Organizations that are successful at maintaining a customer focus have shown to achieve more success than the competition. They understand that customer experience is more than offering good customer service. It’s taking customer service to the next level.

In a speech in South Africa in 1890 Mahatma Gandhi said this:

“A customer is the most important visitor on our premises. He is not dependent on us. We are dependent on him. He is not an interruption of our work. He is the purpose of it. He is not an outsider of our business. He is part of it. We are not doing him a favour by serving him. He is doing us a favour by giving us the opportunity to do so.”

To effectively and sincerely perform in creating an exceptional customer experience and care for the customer, requires dedication and unity within the organization. Together, the efforts of an entire team focused on the need and wants of the customer will result in a satisfied customer and a fulfilled employee.

We too often focus on means like IT systems, metrics, statistical numbers, acquiring new customers, and business opportunities rather than the end, which is developing a value offering and culture that is centered on an exceptional customer experience. At the end of the day, our success will be tied to our determination to go out there and make whatever it is we do exceptional for the customer.

It’s not imagination, it’s customer experience delivery.

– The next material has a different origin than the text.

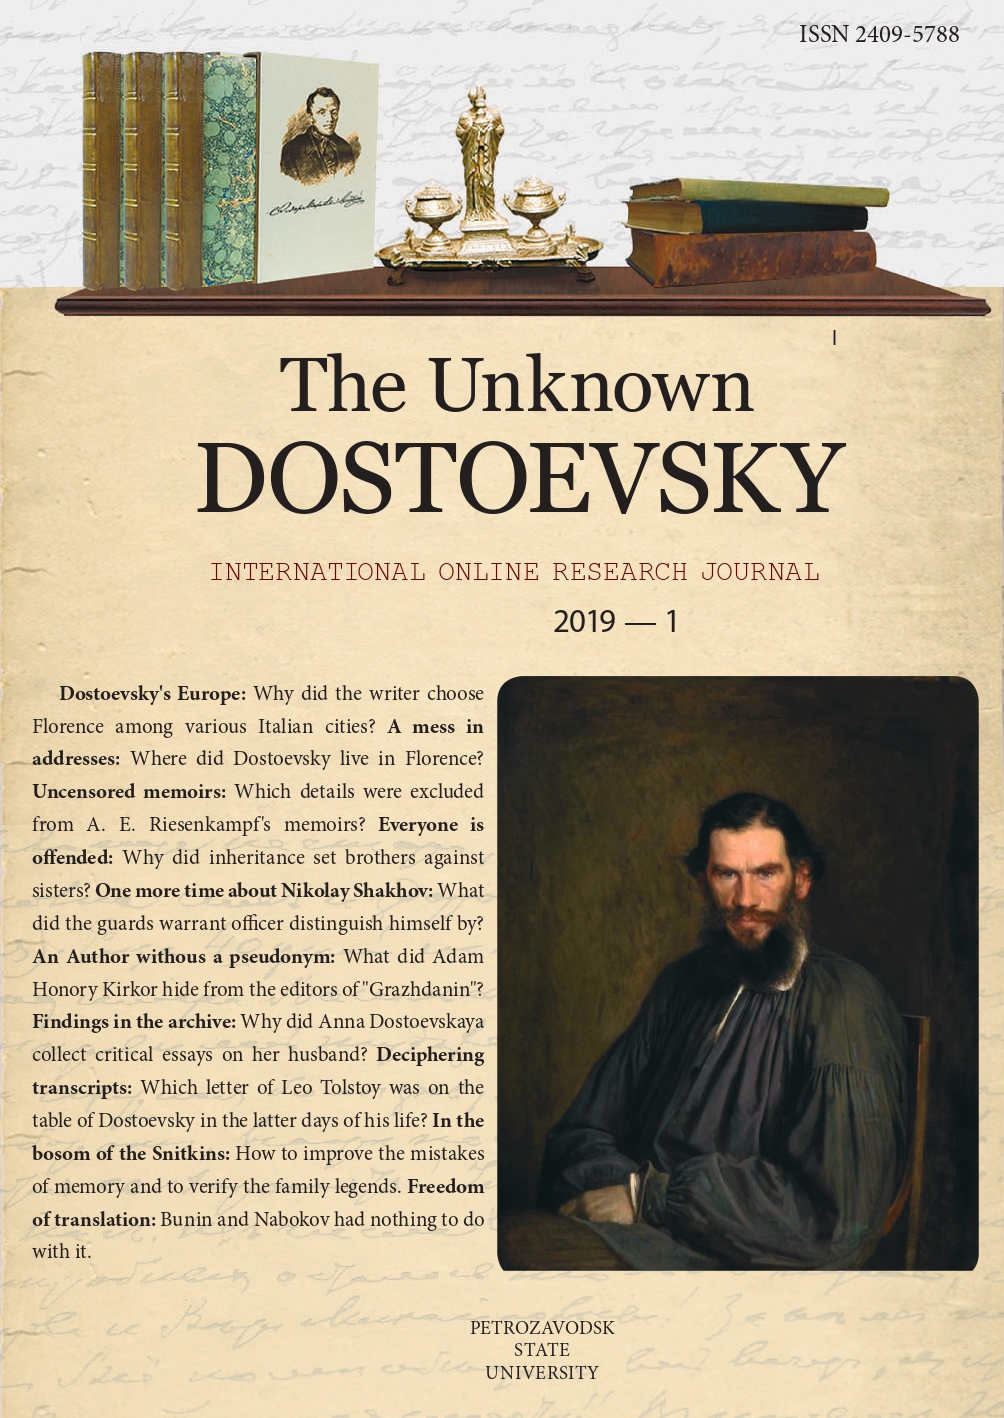 Florentine Addresses of Dostoevsky Cover Image

Organizations focused on the customer experience always seem to stay ahead of the competition. Why? They understand their customers and what they want from the customer experience. The Kellogg School of Management has an executive program dedicated to teaching organizations the reason why customer experience matters.

The customer experience leaders:

1. Tailor the customer experience to the specific customer segment they serve.

2. Create value in their offering to their customers.

3. Consistently deliver outstanding customer service.

4. Ensure that all team members understand the role that they play in the customer experience process.

Andrew Cohen, Founder, Exposed Brick explains the role that customer experience has in creating positive feelings that customer have towards you and your organization.

“A brand is no longer defined only by advertising-driven perception. Rather it is defined by the customer experience in buying the product; satisfaction in using the product; and the services wrapped around the product with positive consequences.”

Positive good will comes from demonstrating real emotion and providing service with genuine care for the customer. The customer can do without us, but we depend on the customer. Customer experience focus is the process that aligns our thoughts and actions with the needs and desires of those we serve.

What’s your take? What ways have you found effective in developing a memorable customer experience?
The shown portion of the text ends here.